Do I look straight in the eyes of the host, bow my head, my shoulders, my knees, and whatever part of my body can be bent? Well, the best way is to smile first, extend your hand for a handshake (to the same gender only!), or see first how everybody does it the local way. If there's somebody within whisper-shot, ask first if you also have to do what the locals do.

The smell? Yes, be prepared for a full range of aroma. Some are very friendly to your senses and some can cause olfactory paralysis.

The sound? There can be several pages to be expected - from full orchestras of cicadas to the mind-shattering chicken calls. Be ready to be wide-awake at three in the morning. For the lucky ones, it will be deep slumbers serenaded by forest sounds, ocean waves, water rivulets flowing nearby, chants of priests in the nearby temple, or rain drops pounding on the roofs. But for others, the chickens are just part of the whole auditory menu. There will be dogs, unmuffled engines, and that ever-present karaoke machine shared by the whole village. Oh, there might also be babies crying the whole night.

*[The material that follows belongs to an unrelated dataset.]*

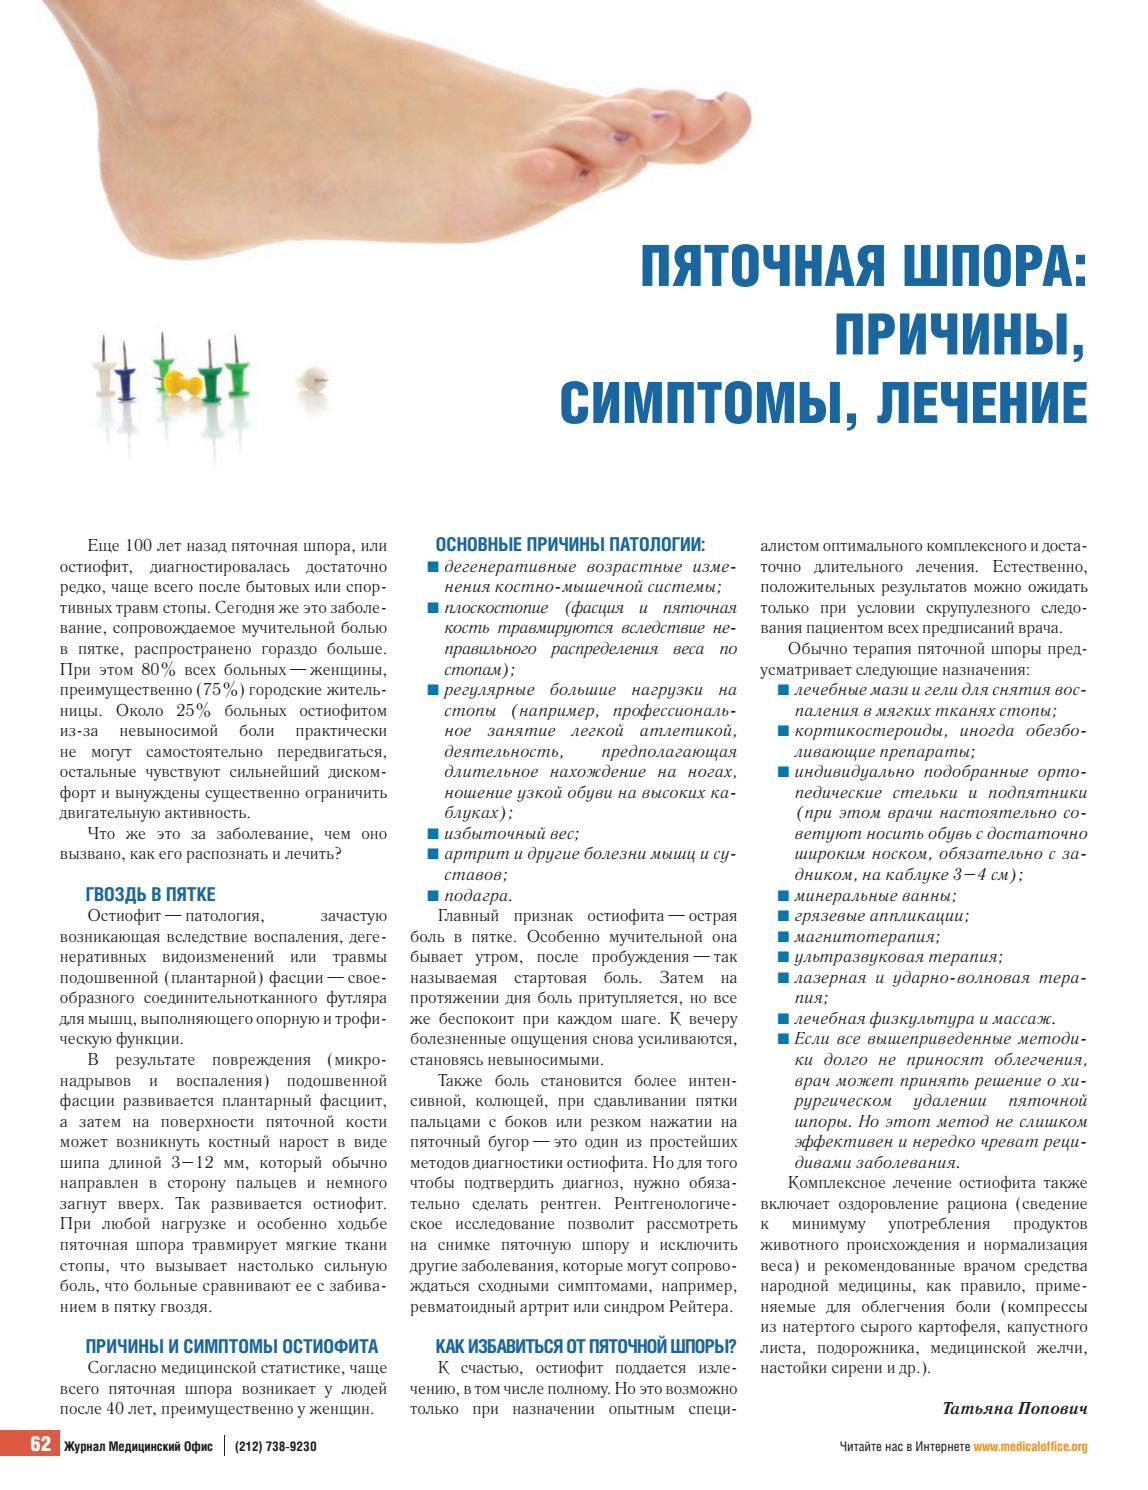 Пяточная шпора — фото, причины, симптомы, лечение и профилактика шпоры на пятке
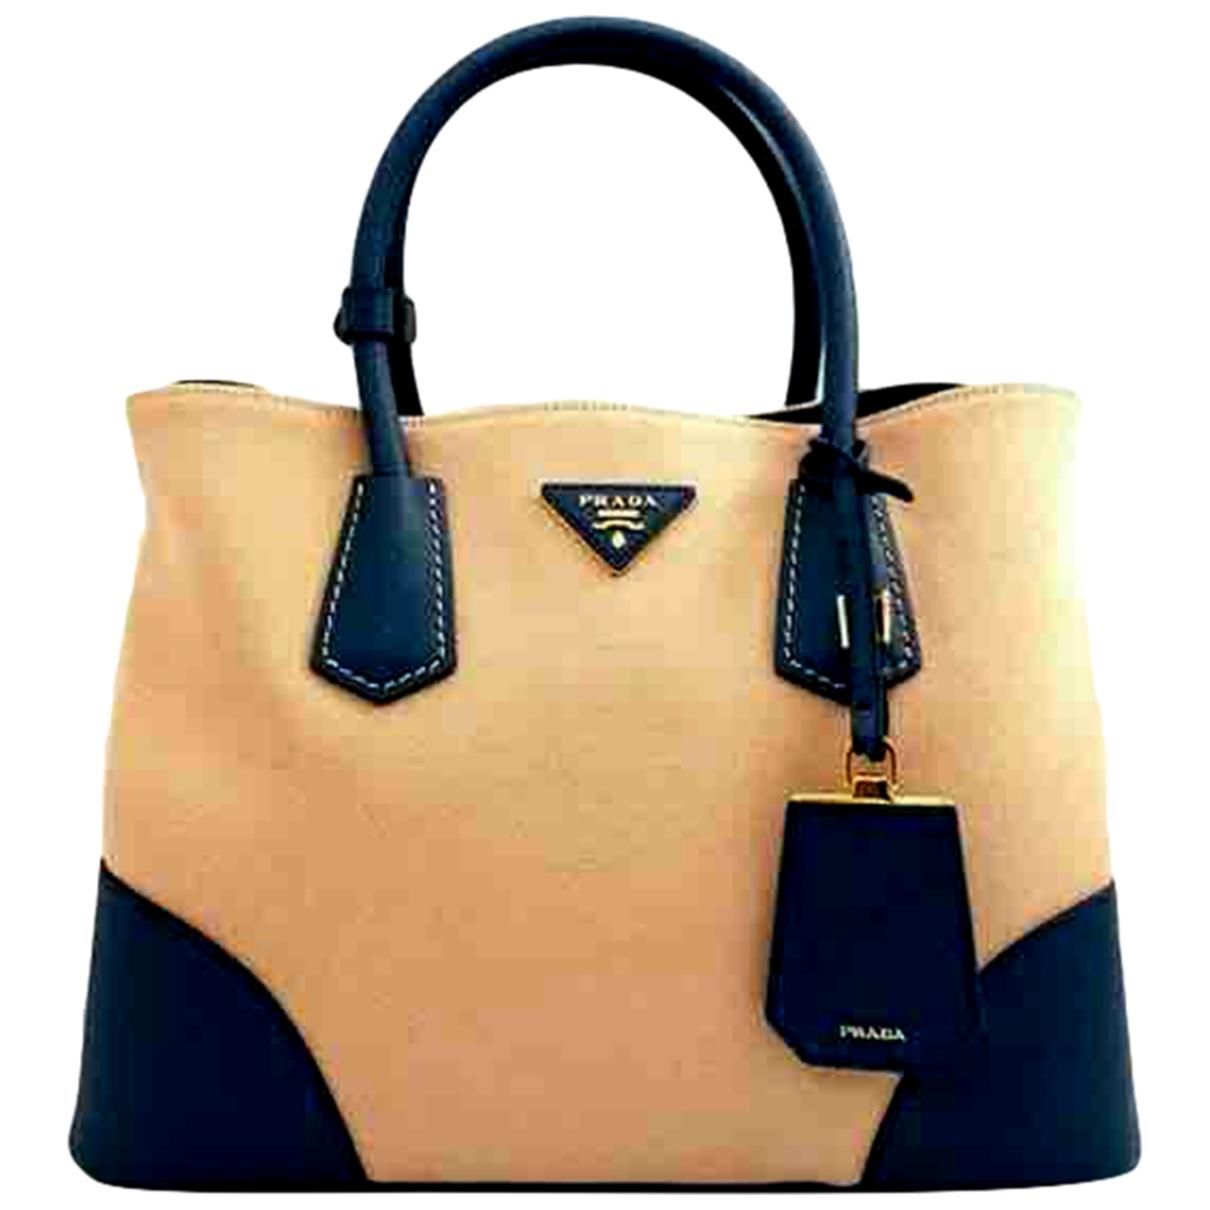 Prada Double Handtasche in  Beige Leder

The food? To make it easier on yourself. Just remember that every living thing is made up of the same organic materials. A bug would be as nutritious as a piece of peanut. It will also help if you would know the different terms for the same thing. An anchovy in English would be some sort of bagoong isda in Tagalog. The same thing with caviar (suso in many parts of the Philippines). And yes, the number of your tastebuds would increase when you are introduced to different food cultures, MSG included.

Do I act praning? (I can't remember the English term!) - If you understand this, by all means YES. You always have to be very, very careful about your things, especially that small bag that contains 80% of your cash, your passport, and whatever insignificant, but valuable, item for you). You don't only guard your things from possible local bad people, but from other travelers as well. A friend shared this - in one place in the Himalayas, seasoned backpackers would chain their belongings to their bodies. Misdeeds between tourists usually happen in dormitory-type facilities. Some backpackers would also become very localized and they connive with locals to con other travelers. Just keep your wits every time you go out of your comfort zone. No need to cancel you backpacking plans because of this reality.

The Bugs! the bugs! Yes, my dear, they are everywhere! From six-legged to eight legged (or should I say, thousand-legged?). From the ones that suck tiny amounts of your blood to the ones that leave stinking smells when they land on your delicate skin. Better keep that mosquito net neatly tucked under your mattress. Also, keep away any food material inside your clothing, if you care about that jeans or cargo pants. Don't worry, you will learn to live with them. As we say in the environment circle - ey, its biodiversity! The more species, the more healthy environment! Ha ha! Somebody throw me bread with a rock inside!

Happy Backpacking!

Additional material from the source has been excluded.